Converting or Splitting Contact Name into First And Last When Updating a Table 3

[Johnnycat1]

All,

I am trying to run some code that splits a Contact Name field into two separate fields. This is what I have so far. I don't usually manipulate data this way so I am stumbling around. Your help is greatly appreciated.

Excuse the table and field naming methods... This is a very old table that I created many years ago before learning an appreciation of good naming methods. I have too many links to this now and haven't spent the time to go back and re-name everything.

If Nz(Me![To], 9) = 9 Then Exit Sub
If Nz(Me![Addresses-Contact Names Sub-Form]![Contact Name], 8) = 8 Then Exit Sub
    
Dim StXXX As String
Dim stContactName As String
Dim stFirstName As String
Dim stLastName As String
Dim rstOutlookContact As DAO.Recordset

StXXX = "XXX"
stContactName = Me![Addresses-Contact Names Sub-Form]![Contact Name]
stFirstName = Right$(Me![Addresses-Contact Names Sub-Form]![Contact Name], Len(Me![Addresses-Contact Names Sub-Form]![Contact Name]) - InStr(1, Me![Addresses-Contact Names Sub-Form]![Contact Name], ",") - 1)
stLastName = Left$(Me![Addresses-Contact Names Sub-Form]![Contact Name], InStr(1, Me![Addresses-Contact Names Sub-Form]![Contact Name], ",") - 1)

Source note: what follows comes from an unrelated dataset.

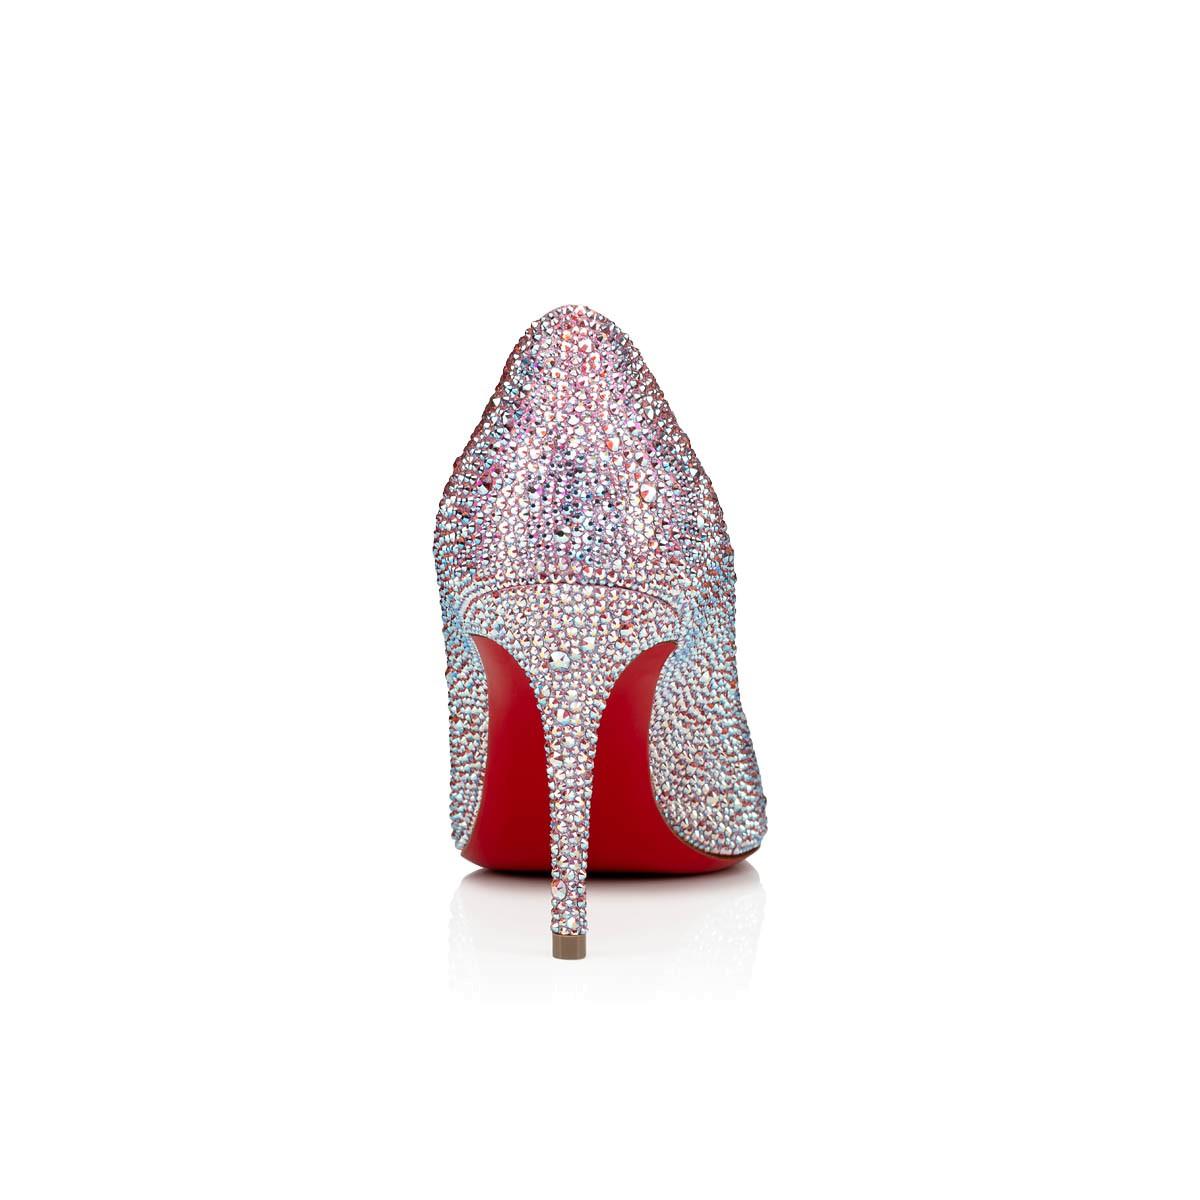 鞋履 - Kate Strass 085 Strass - Christian Louboutin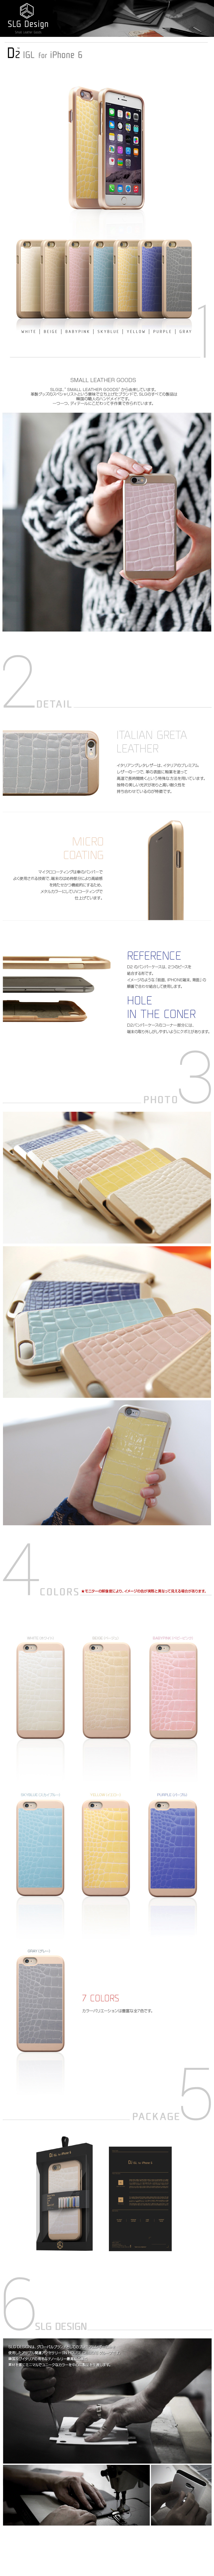 【iPhone6 ケース】SLG Design D2 Italian Greta Leather Bar

  Set rstOutlookContact = CurrentDb.OpenRecordset("AddressBookTempOutlookContacts", dbOpenDynaset)

 With rstOutlookContact
  .FindFirst "[ID]='" & StXXX & "'"
    .Edit
    ![LastName] = stLastName
    ![FirstName] = stLastName
    ![LastName] = stLastName
    ![ContactName] = stContactName
    .Update
 End With

 

[Johnnycat1]

Sorry me again...

I have replaced the original code with a new bit of code that is sort of working. It is returning a truncated string but I cannot figure out how to make it delete everything before the space for LastName and everything after the space for FirstName.

This is what I have...

If Nz(Me![To], 9) = 9 Then Exit Sub
If Nz(Me![Addresses-Contact Names Sub-Form]![Contact Name], 8) = 8 Then Exit Sub
    
Dim StXXX As String
Dim stContactName As String
Dim stFirstName As String
Dim stLastName As String
Dim rstOutlookContact As DAO.Recordset

StXXX = "XXX"
stContactName = Me.[Addresses-Contact Names Sub-Form]![Contact Name]
stLastName = Right(stContactName, InStr(Replace(stContactName, " ", "", 1, 1), " ") - 1)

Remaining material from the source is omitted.